[93 year-old Mimi Weddell in the documentary Hats Off, and a snap by Mister Mort on the Advanced Style blog,
launched in August.]
A report from our Berlin correspondent on design and society.
One of the more interesting trends in fashion this year has been a vogue for older models. The theme seems to have started in March, with the New York premiere of Hats Off, a documentary about the 93 year-old actress and model Mimi Weddell. As the New York Times reported when it interviewed the effervescent Ms Weddell, her motto is “Rise above it!”, which implies not just the ability to transcend small anxieties, but also the idea that higher things — even ages — are better things.
[The image that accompanied New York magazine’s report on the older models featured in the Spring 2009 men’s collections in Paris.]
Come June, the fashion press was aflurry with reports that the Spring 2009 men’s shows in Paris had been “stormed by elderly male models”. Yohji Yamamoto, Ann Demeulemeester and Agnès B all employed over-50s in their catwalk shows.

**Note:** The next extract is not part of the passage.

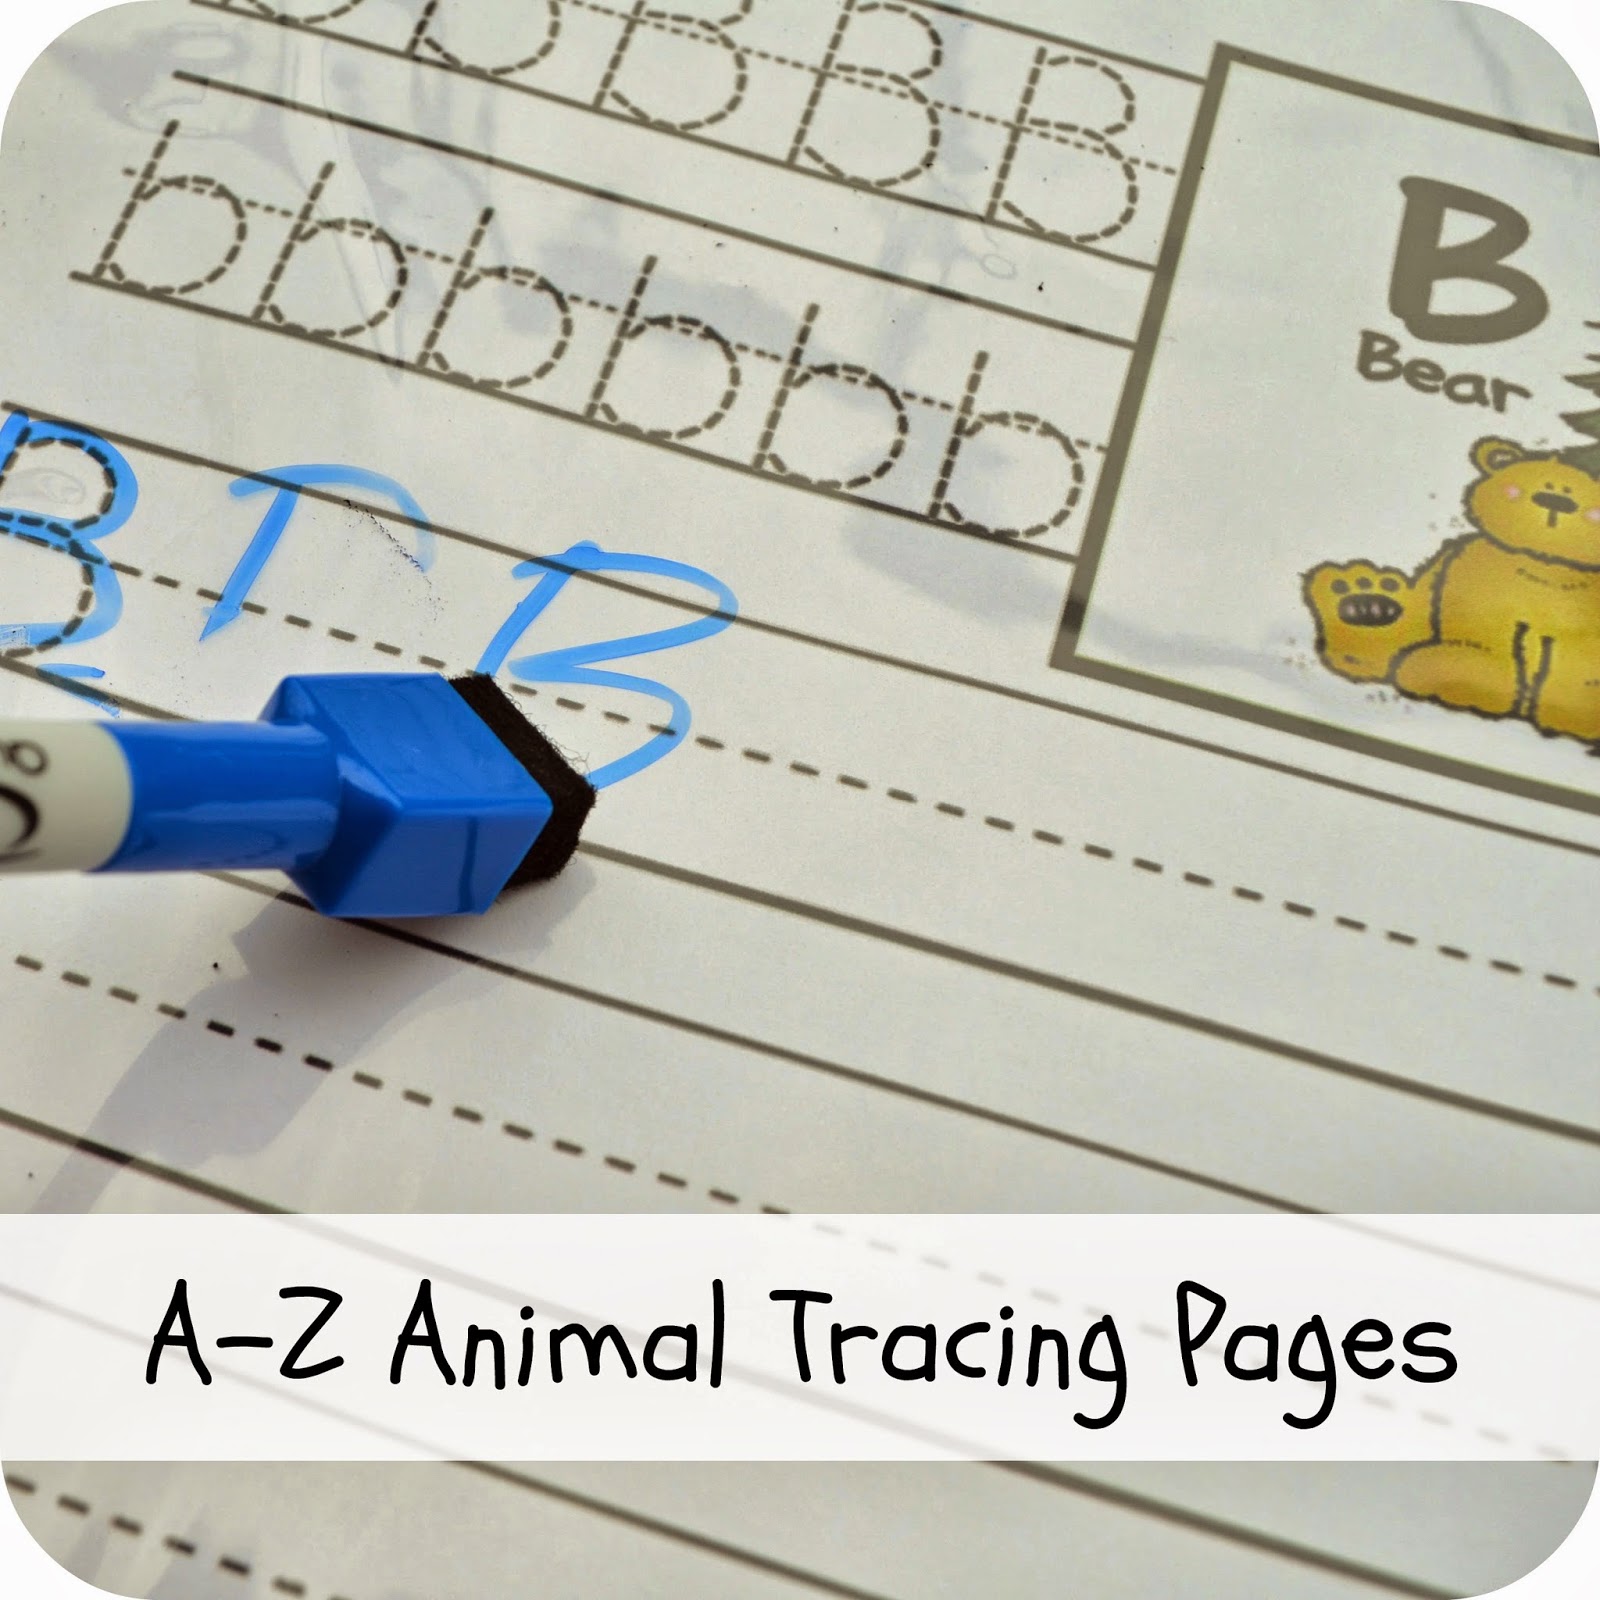 A-Z Animal Tracing Pages

One model, New York magazine reported, walked as though slightly lame, another cheerfully played a flute.
[A photograph by Alexander Beyer of an elderly Italian lady featured in the street fashion blog Advanced Style.]
In August, Ari Cohen launched Advanced Style, a street fashion blog focusing on stylish senior citizens, caught by photographers in New York and elsewhere. In a blogosphere somewhat burned out on lookalike street fashion blogs — not to mention conformist fashion — the eccentric septuagenarians featured in Advanced Style stood out as something fresh and new. “Since moving to New York four months ago,” Cohen explained in his first entry, “I noticed how awesome so many of New York’s older men and women styled”. It didn’t take long for Mimi Weddell to show up.
[The Japanese lifestyle magazine Ku:nel’s November issue shows two elderly ladies from South Holland.]
The Japanese (who have one of the world’s most rapidly-aging demographics) were also in on the trend. The November issue of lifestyle magazine Ku:nel featured a cover story about two old Dutch ladies in traditional dress. One was 95 years old. “My Fashion: Weird Dressing-Up Session in South Holland”, ran the headline, and inside the ladies (working-class Catholics from Walcheren and Zuid Beveland) gave tips on how to achieve their truly outlandish, centuries-old hairstyles, lacy hats, and make-up techniques.
My own contribution to the admiration of the style of the elderly came in a blog entry entitled What are you wearing, living national treasure? This looked at cover stars from a Japanese crafts magazine called Living National Treasures, people designated as “important intangible cultural properties” by the Japanese government.
[Japan’s Living National Treasures magazine features government-designated “Important Intangible Cultural Properties”, fabulously dressed.]
What interested me was the seeming contradiction between the flamboyance of these precious living relics and their adherence to traditional, collectivist belief systems in which creativity, individuality and originality rank far below values like seniority, impersonality, hierarchy, rules, and tradition. “The Important Intangible Cultural Property dresses in ways which express collective and ancient values, not individual modern ones,” I mused. “Any flamboyance we may see in their work wear and “street fashion” is accidental — and absolute.”